Apr 11, 2023
Leo Shue Schuster
OpenSearch is a community-driven, open-source search and analytics suite derived from Apache 2.0 licensed Elasticsearch 7.10.2 & Kibana 7.10.2.
It consists of a search engine daemon, OpenSearch, and a visualization and user interface, OpenSearch Dashboards. OpenSearch enables people to easily ingest, secure, search, aggregate, view, and analyze data. These capabilities are popular for use cases such as application search, log analytics, and more.
With OpenSearch, people benefit from having an open source product they can use, modify, extend, monetize, and resell however they want. At the same time, OpenSearch will continue to provide a secure, high-quality search and analytics suite with a rich roadmap of new and innovative functionality.
OpenSearch was created as a response to Elastic’s decision to switch from the Apache 2 license to the highly-restrictive and anti-competition SSPL. In short, the final open source versions of Elasticsearch and Kibana 7.10.2 were forked, and those fork versions became OpenSearch and OpenSearch Dashboards 1.0.
The OpenSearch Project is community-driven, so innovation and relevant new features are always being proposed and worked on for ever changing search needs. AWS Open Source Blog’s take on staying open source: Keeping Open Source Open – Open Distro for Elasticsearch.
OpenSearch is a great tool to have in your developer arsenal. It's fast time-to-value and can be used for a variety of applications, from real-time analytics to search engine optimization (SEO). Not only does OpenSearch offer these benefits, but it also has complementary tooling and plugins that make it easy to integrate with other technologies such as OpenSearch Dashboards.
OpenSearch is used in many different applications. It's used as a search engine for media, e-commerce, social networks and internal applications. The OpenSearch project is lead by Amazon Web Services (AWS) and publicly sponsored by Bonsai, SAP, CapitalOne, RedHat, Logz, Aiven, Logit, InstaCluster, and BAInsight.
OpenSearch is an open-source product that is Apache 2.0-licensed. That means you are free to use, change, and monetize however you see fit.

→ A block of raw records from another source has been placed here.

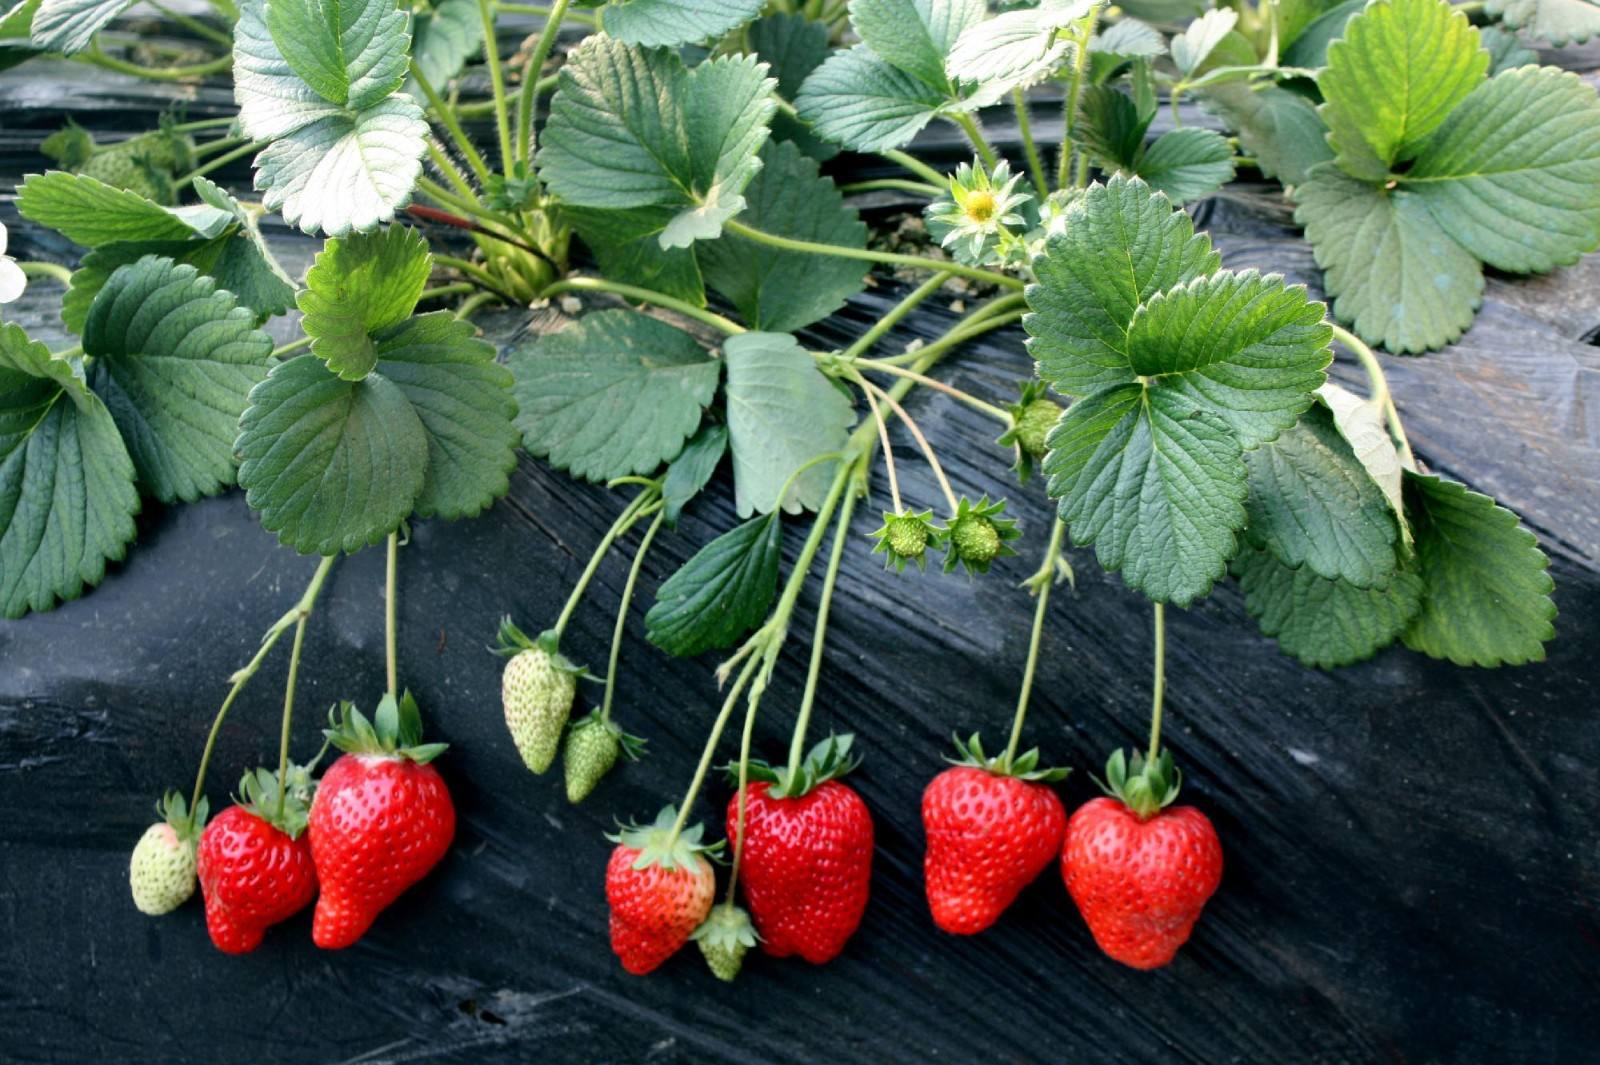 Strawberry irrigation, spray tube or drip tape, which is better?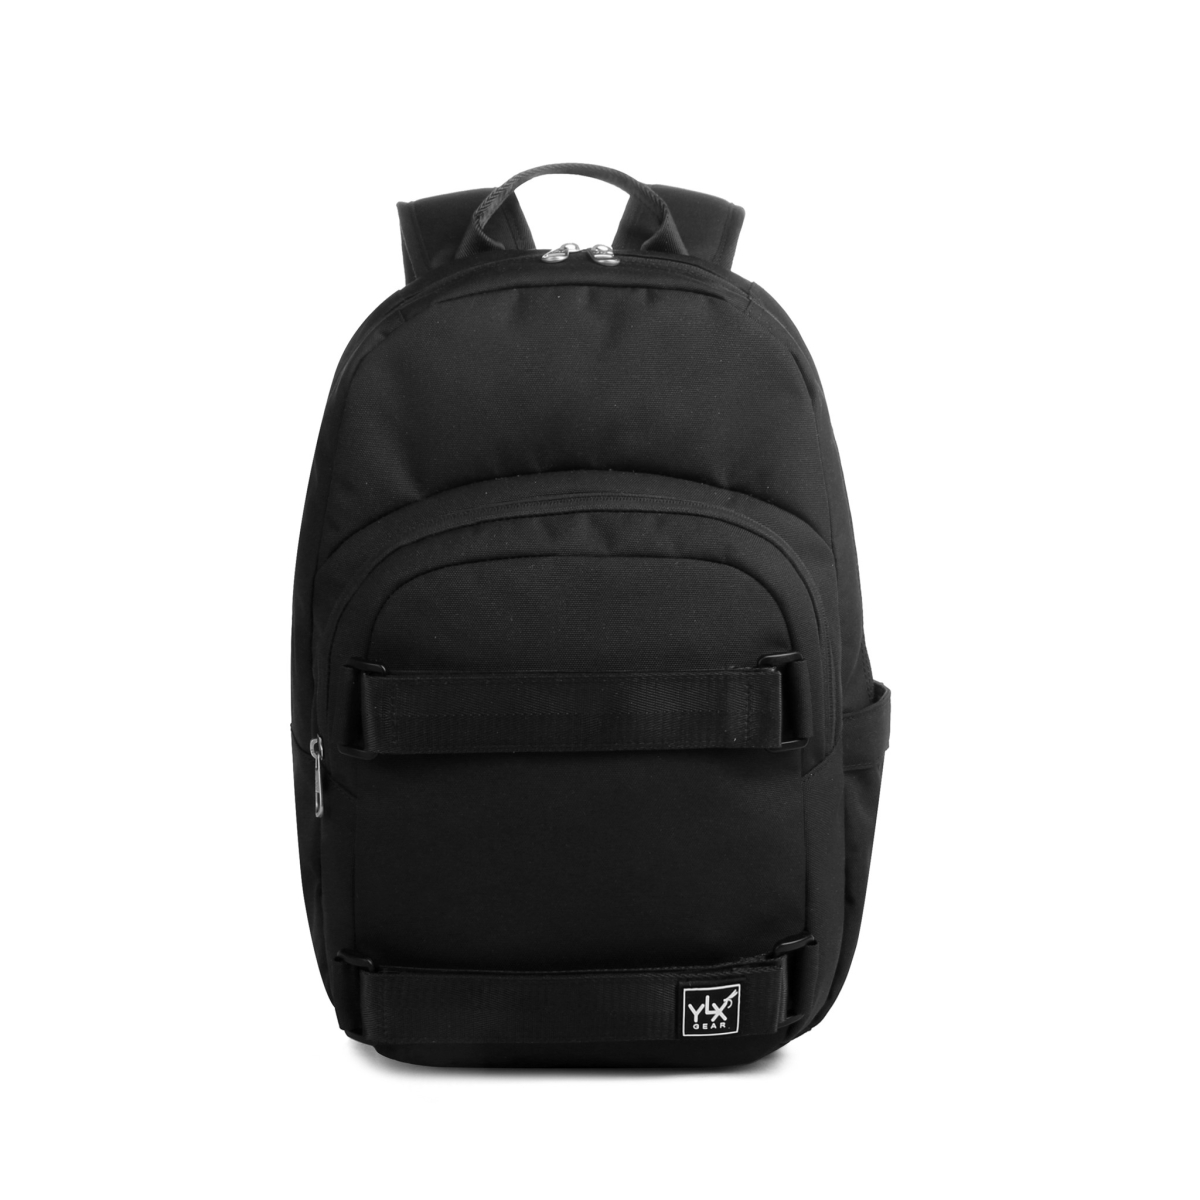 YLX Aster Backpack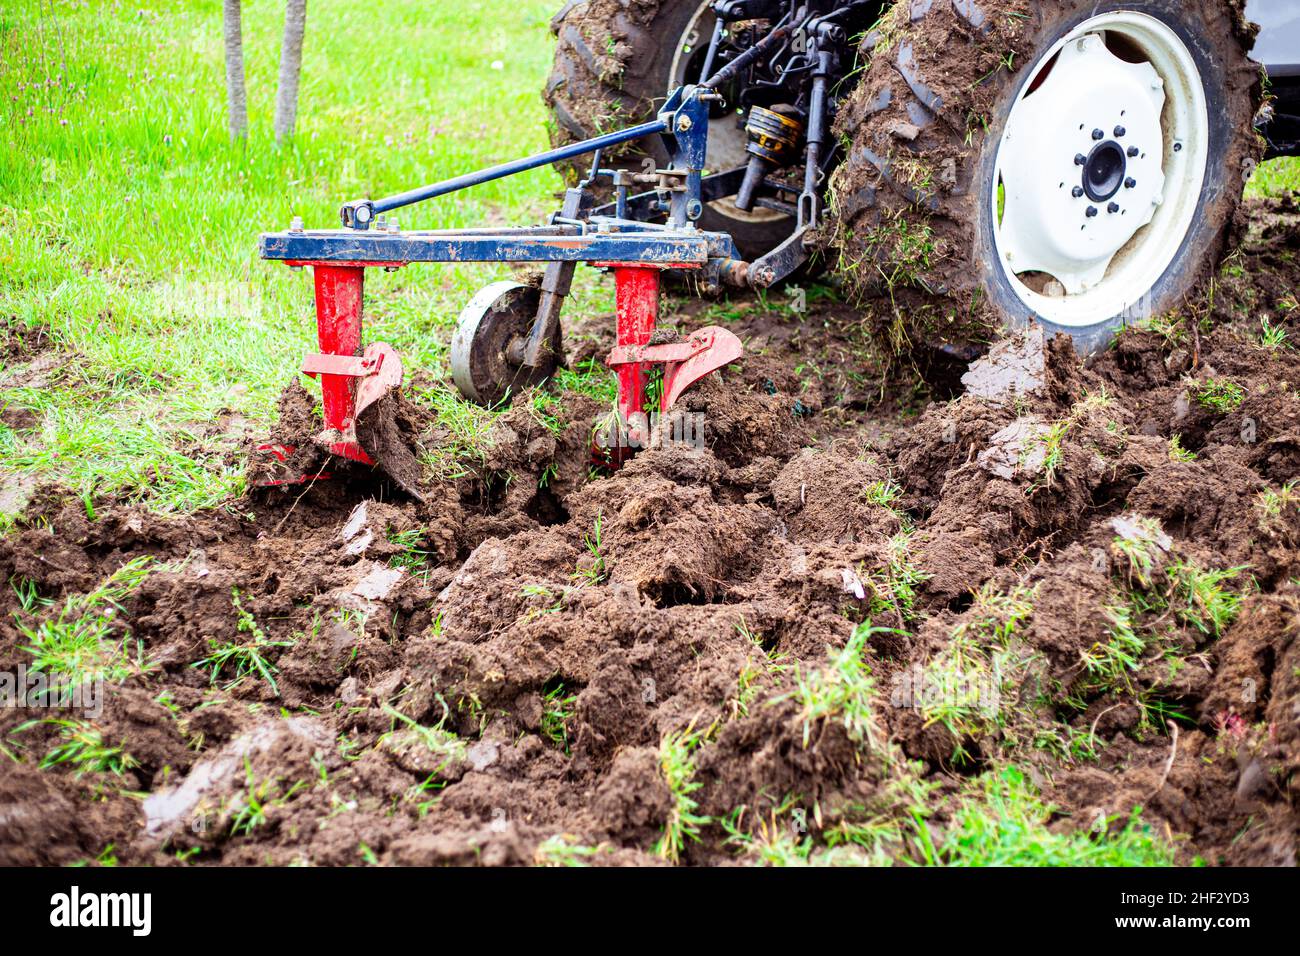 The tractor plows the land in the garden with a plow in early spring. Preparing the soil for planting crops. Stock Photo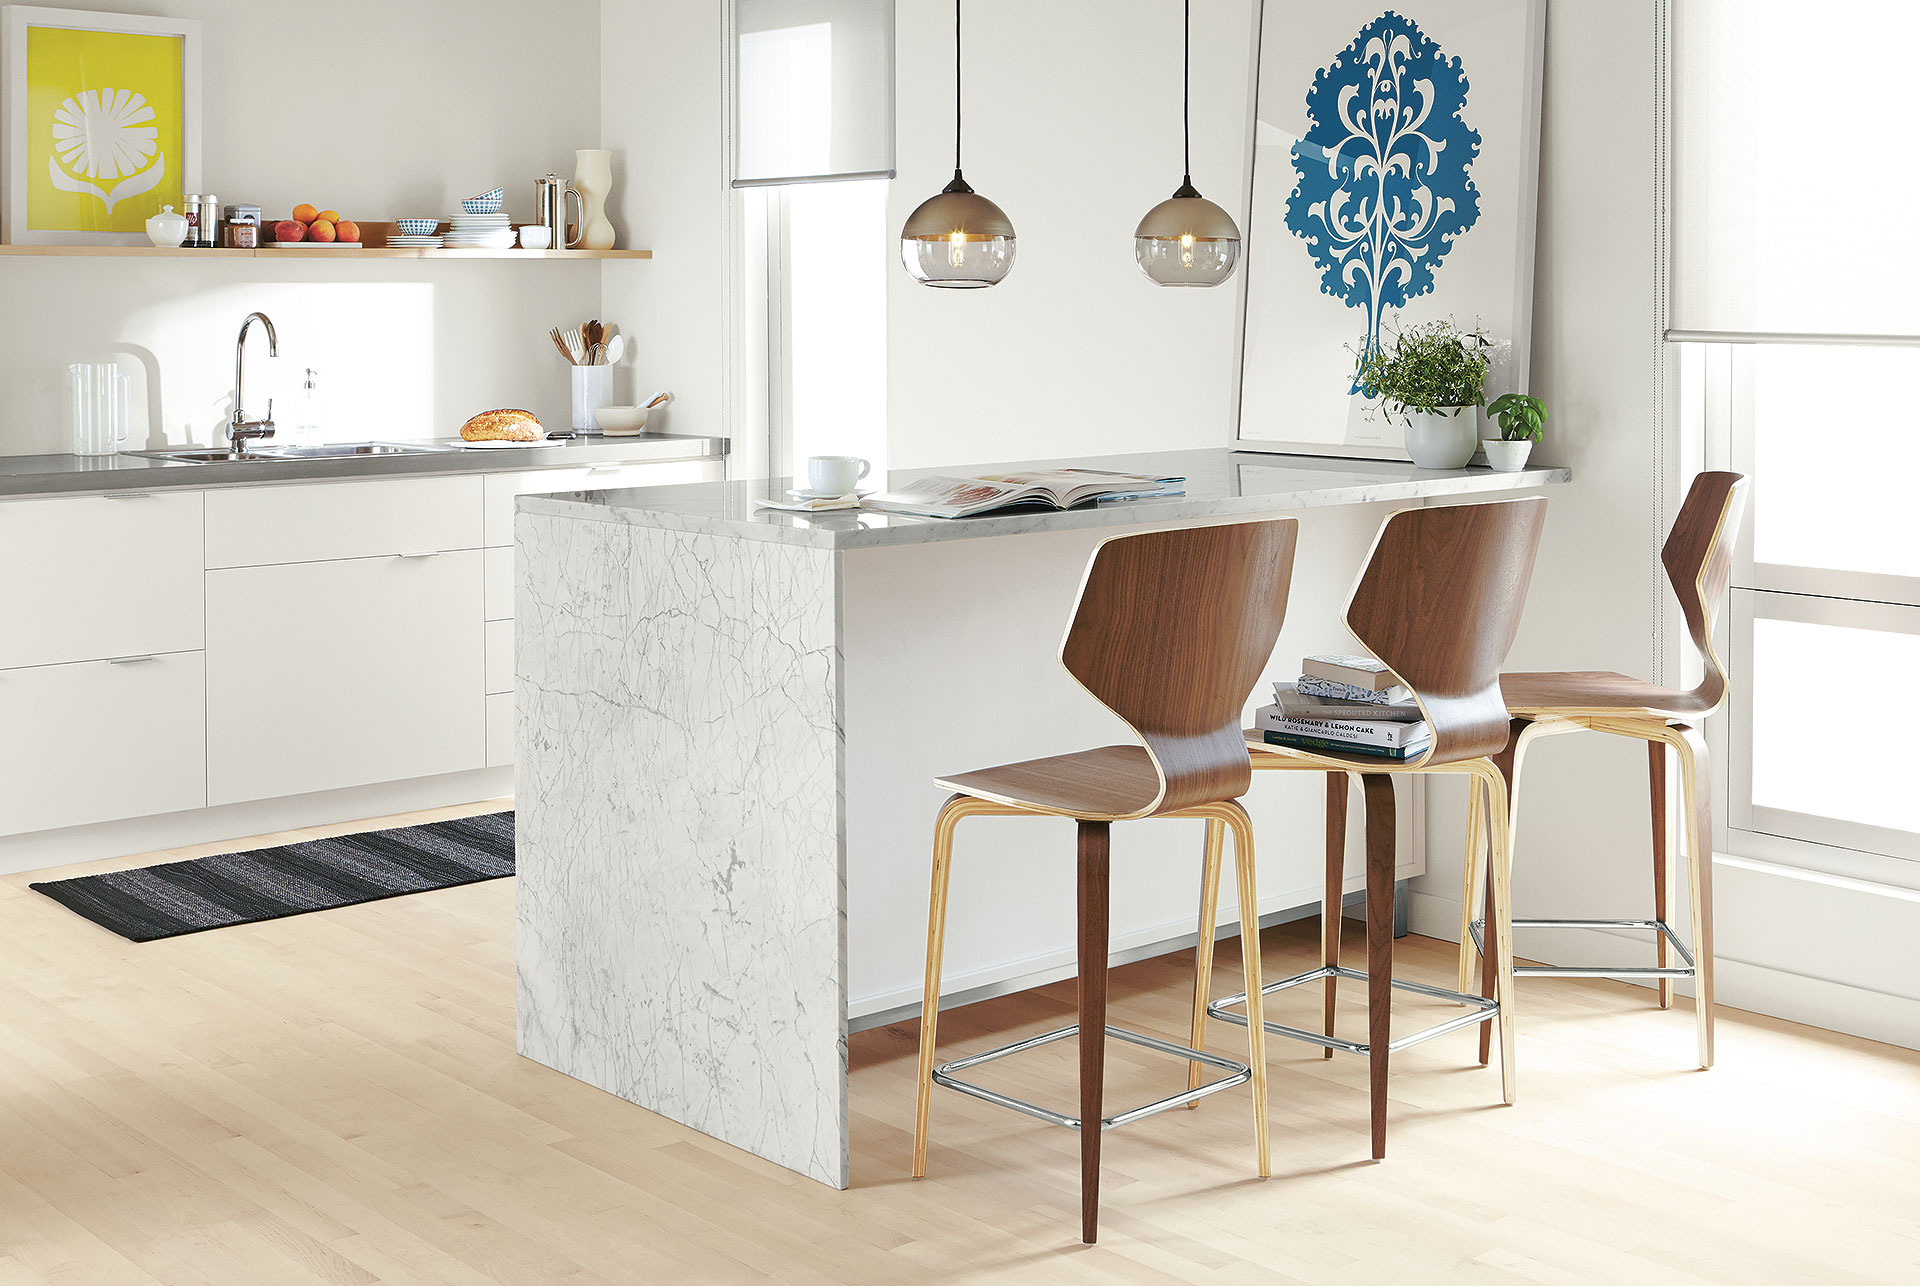 How To Choose Counter Bar Stools, Rooms To Go Counter Bar Stools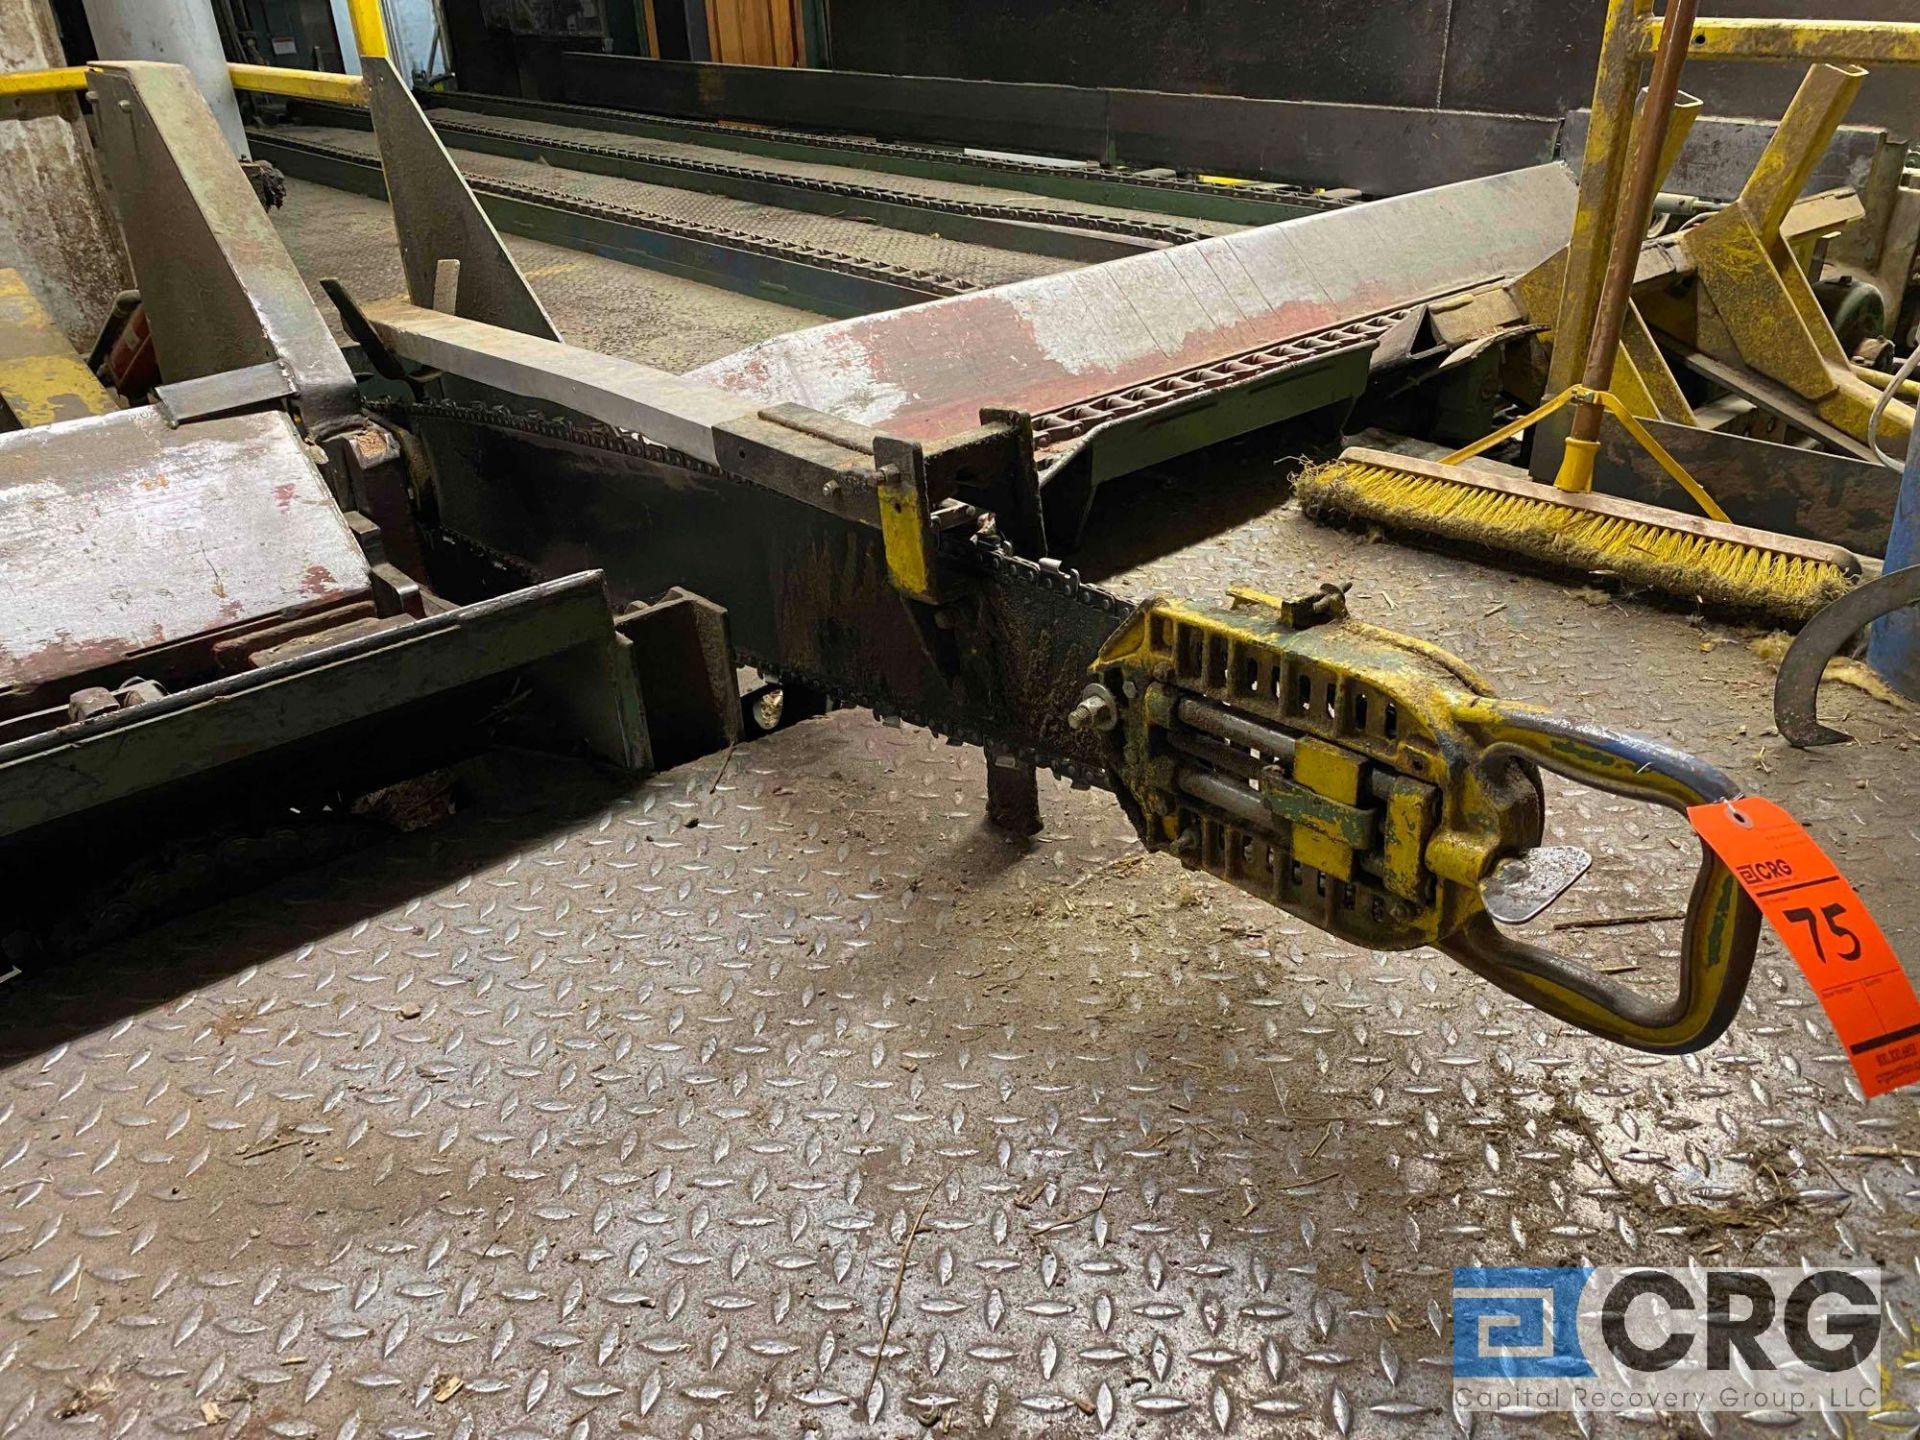 LM deck saw, with 80in. chainsaw blade, including drive-LOCATED IN PINE VALLEY

For product teams that don’t want to have to worry about keeping up with licensing stipulations with Elasticsearch 7.10.2+ versions, OpenSearch is a great alternative.
When the OpenSearch 1.0 forked from Elasticsearch 7.10.2, it provided feature parity. Since then, OpenSearch has made many releases. Differing features and plugins include:
Yes, OpenSearch is backwards compatible with Elasticsearch 7.10.2.
When Amazon launched OpenSearch 1.0, they stated:
The Amazon OpenSearch Service APIs will be backwards compatible with the existing service APIs to eliminate any need for customers to update their current client code or applications. Additionally, just as we did for previous versions of Elasticsearch, we will provide a seamless upgrade path from existing Elasticsearch 6.x and 7.x managed clusters to OpenSearch.
Let’s review OpenSearch core concepts.
A node is simply a running instance of OpenSearch. While it’s possible to run several instances of OpenSearch on the same server hardware, it really is a best practice to limit a server to a single running instance of OpenSearch. On Bonsai, a node is technically a virtual server running in the cloud. Bonsai follows the best practice of one OpenSearch instance per server.
A cluster is a collection of nodes running OpenSearch. A cluster consists of one or more nodes which share the same cluster name. Each cluster has at least one primary node, which is chosen automatically by the cluster and can be replaced if the current primary node fails.
In OpenSearch parlance, the word “index” can either be used as a verb or a noun. This can be confusing for users new to OpenSearch. The intended meaning is usually understood through syntax and context clues.
An index is like a table in a relational database. It’s a logical namespace that maps to one or more primary shards and can have zero or more replica shards.
To add to this, an index is sort of an abstraction because the shards are the “real” search engines. Queries to an index’s contents are routed to its shards, each of which is actually a Lucene instance. In other words, an index can have many shards, but each shard can only belong to one index. This relationship precludes collocating multiple indices on a single shard.
The process of populating an OpenSearch index (noun) with data. It is most commonly used as a transitive verb with the data as the direct object, rather than the index (noun) being populated. In other words, the process is performed on the data, so that you would say: “I need to index my data,” and not “I need to index my index.”
Indexing is a critical step in running a search engine. Without indexing your content, you will not be able to query it using OpenSearch, or take advantage of any of the powerful search features OpenSearch offers.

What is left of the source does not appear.